I also said I would share with you some worldbuildy, background fluff to do with the pictured place, and this has been postponed for reasons related to my mood.
I promise I will do it soon. I just needed to get this short-ish rant out of my system.
There are still some tweaks I should do, and will likely do later. For now, I think I have reached the limit of what this doodle can teach me.
The redrawn image has 51 colours, which is more than I would have liked and probably I could merge a few to get it down to 48. It has no transparent pixels.
You know that feeling you get when you finish a piece of artwork, and there are a lot of parts of it that you feel really good about individually, but, somehow, they fail to come together the way you would like?
I do.
One of the great and terrible things I have found with pixel art is that, in ‘normal’ illustration, every element becomes some kind of artistic statement, whether it is a subtle one like a lit turn signal on a bus in the background, or the little bit of stubble forming on the bottom of a character’s chin, or how many stars are visible between a gap in the clouds. These elements say something about the piece, and although there is sometimes value in adding them when they do not have much to 'say’, it can be either as detail (gainful) or as noise (degenerate). These elements can be large (how much traffic you choose to include on a busy street in the foreground) or they may be discrete (two people talking but only one is making eye contact), but they are almost always separate.

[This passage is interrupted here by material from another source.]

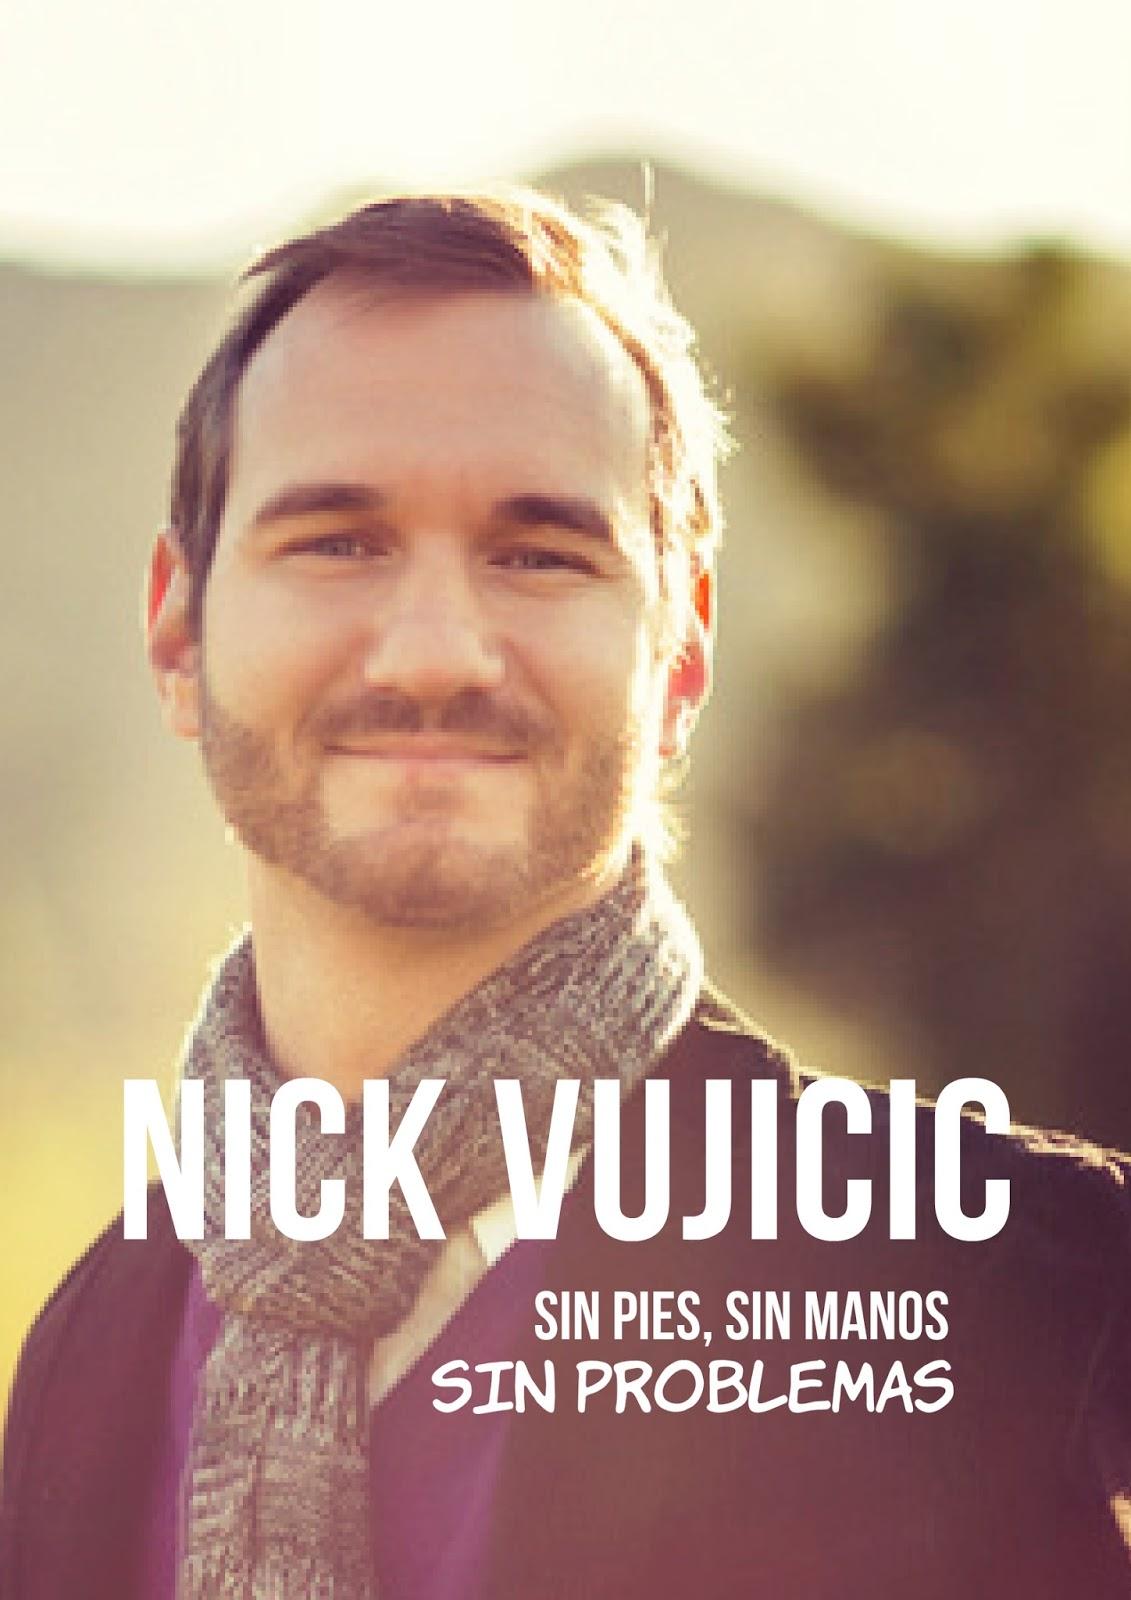 Lo Diferente Es Unico Y Hermoso Nick Vujicic Sin Piernas

With pixel art, every pixel, or cluster of pixels, is effectively an element, and therefore, a comment. While regular illustration can end up being like writing an essay– sometimes with a word limit, sometimes without, always on a topic– pixel art, especially large scenes or long animations, is a doctoral thesis. The structures are usually much the same and you tend to be bound by the same format issues, but it becomes important to labour each point. You write until it is done, but avoid wasting words because you are only allowed a 254-word vocabulary (or 255 if the entire thing is a single paragraph).
None of your undergraduate essaywriting tricks work anymore, either*.
Let me also state for the record that I have neither written a doctoral dissertation, nor am I a particularly talented or accomplished pixel artist, and anyone who should take these words over-seriously does so exclusively at their own risk. This is just the sense of it this doodle left me with.
I am not displeased.
* Except for the thing where people say you cannot use the word “I.” This is bullshit and it always has been.